Von den Mitgliedern der TiH tanzt vor allem Sigrid Bohlens DanceAbility. Darüber hinaus arbeitet sie momentan mit zwei anderen Frauen aus der TiH an einem Tanzfilm. Im Seehundfell erforschen sie den Rückzug in die eigene Haut. Was passiert, wenn ich die Haut, Hülle, Kleidung loslasse? Und vor allem: Wie komme ich aus der Situation, in die ich hineingeraten bin, wieder zurück, in mich?

Anruf bei Irmela Kästner. Wo ist Stina? „Die tritt irgendwo auf in New York. Da fällt mir ein: Ich hab' letztens Mark Tompkins in Berlin getroffen. Der war gerade auf dem Weg zum Flughafen. Der tritt da auch auf. Nein, wo genau weiß ich nicht. Frag mal Sigrid.“

Die Vielfalt der Techniken in der Tanzinitiative ist verblüffend. Zu Hause ist hier etwa auch die Technik des mexikanisch-indianischen Choreographen José Limón (wer in der Staatsoper schon mal The Moor's Pavane gesehen hat, bekam einen Einblick).

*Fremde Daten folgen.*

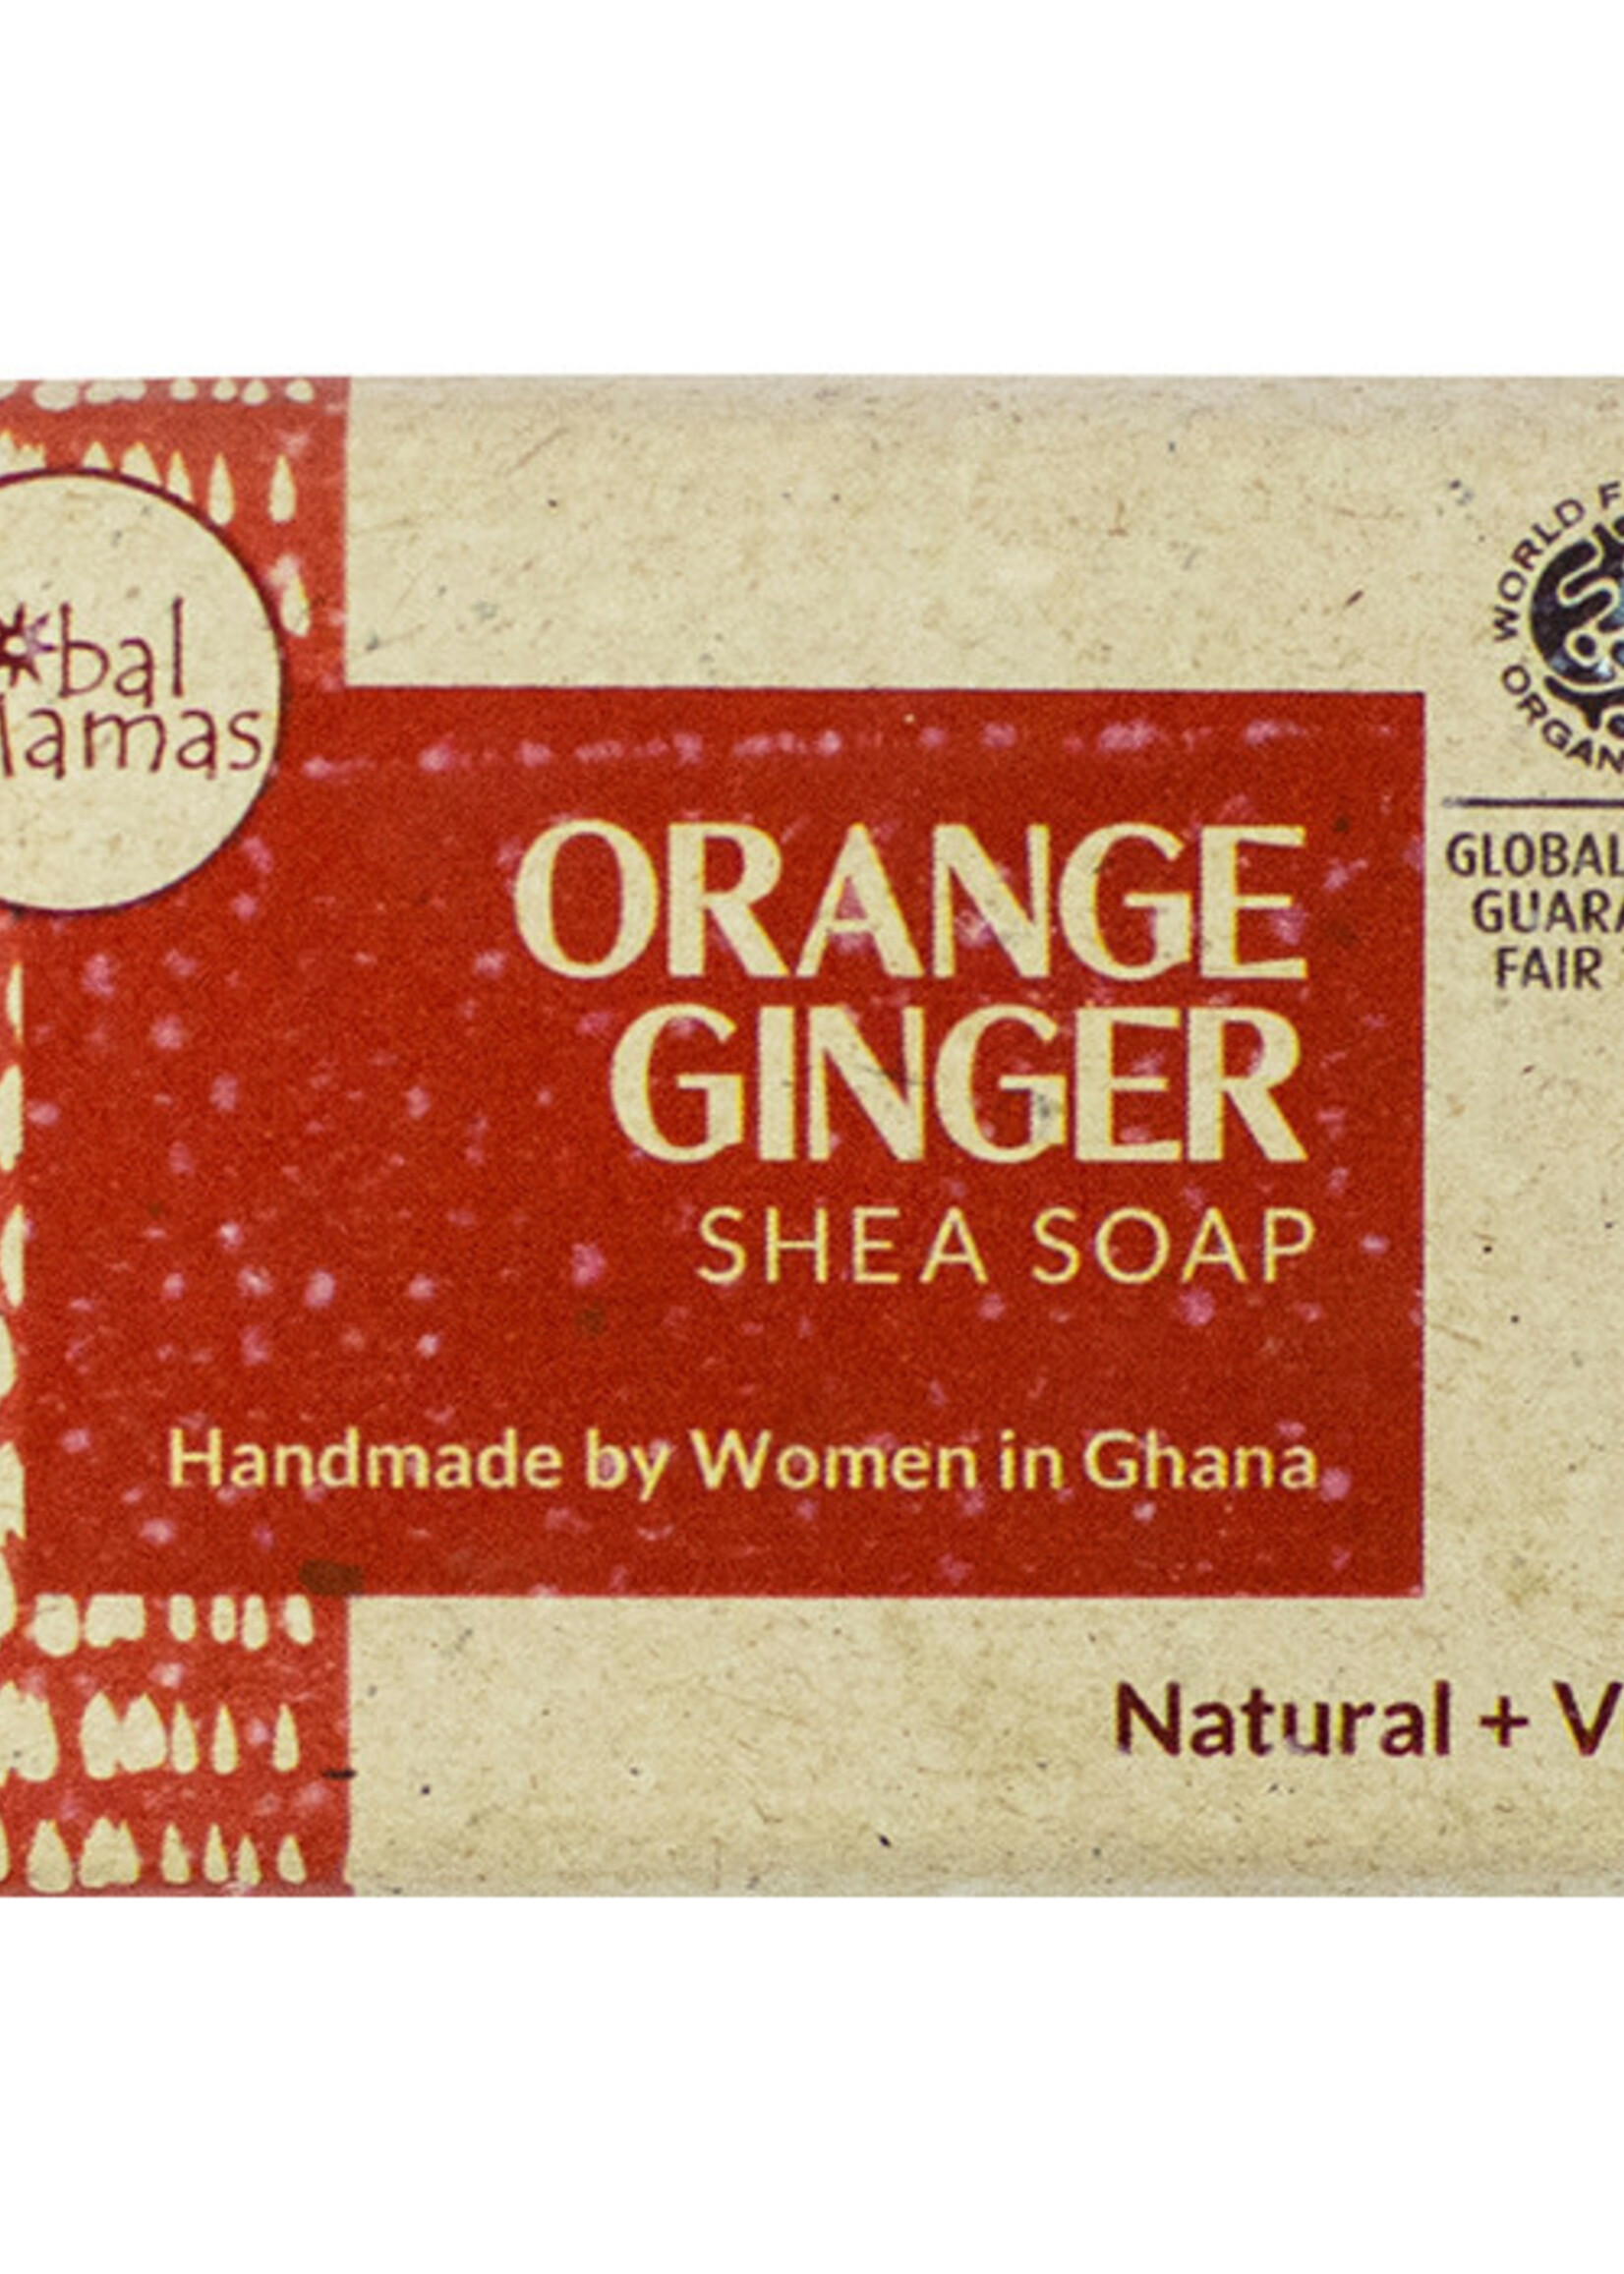 Global Mamas TS Orange Ginger Shea Soap

Sie kam in den 40er Jahren auf und zählt zu den sogenannten „Modern“-Techniken. Hier geht es um den Moment der Schwerelosigkeit des Fallens, bevor wieder eine andere Richtung eingeschlagen wird. Dieser Moment wird „suspension“ genannt, und so heißt auch das dritte Tanz-Video von Irmela Kästner, die in der TiH Modern auf der Basis von Limón tanzt. In Suspension dreht und schwebt sie mit der BMC-Tänzerin Barbara Schmidt-Rohr und der Contact-Tänzerin Annett Walter auf dem Geländer der Harburger Elbbrücke. Der Ort, aber auch das Symbol Brücke, schafft den Boden für die drei Performerinnen.

Für Herbst 1995 werden die Bewegungsleute ein Festival ausrichten. Förderung bekommen sie seitens der Kulturbehörde nicht, das ist jetzt amtlich. Trotzdem soll Schanzentanz stattfinden, mit sechs oder sieben Kurzproduktionen über zehn Tage. Dort werden unter anderem all die Projekte gezeigt, von denen hier die Rede war.

Spät nachts um halb eins noch ein Rückruf von Sigrid Bohlens, zur Zeit in Freiburg: „Das Festival in New York heißt ,Movement Research'. Stina ist am 24. Dezember wieder in Hamburg.“

Seltsam, daß andere Großstädte eine Plattform haben für den zeitgenössischen Tanz. Und die Hamburger dafür über den großen Teich fliegen müssen.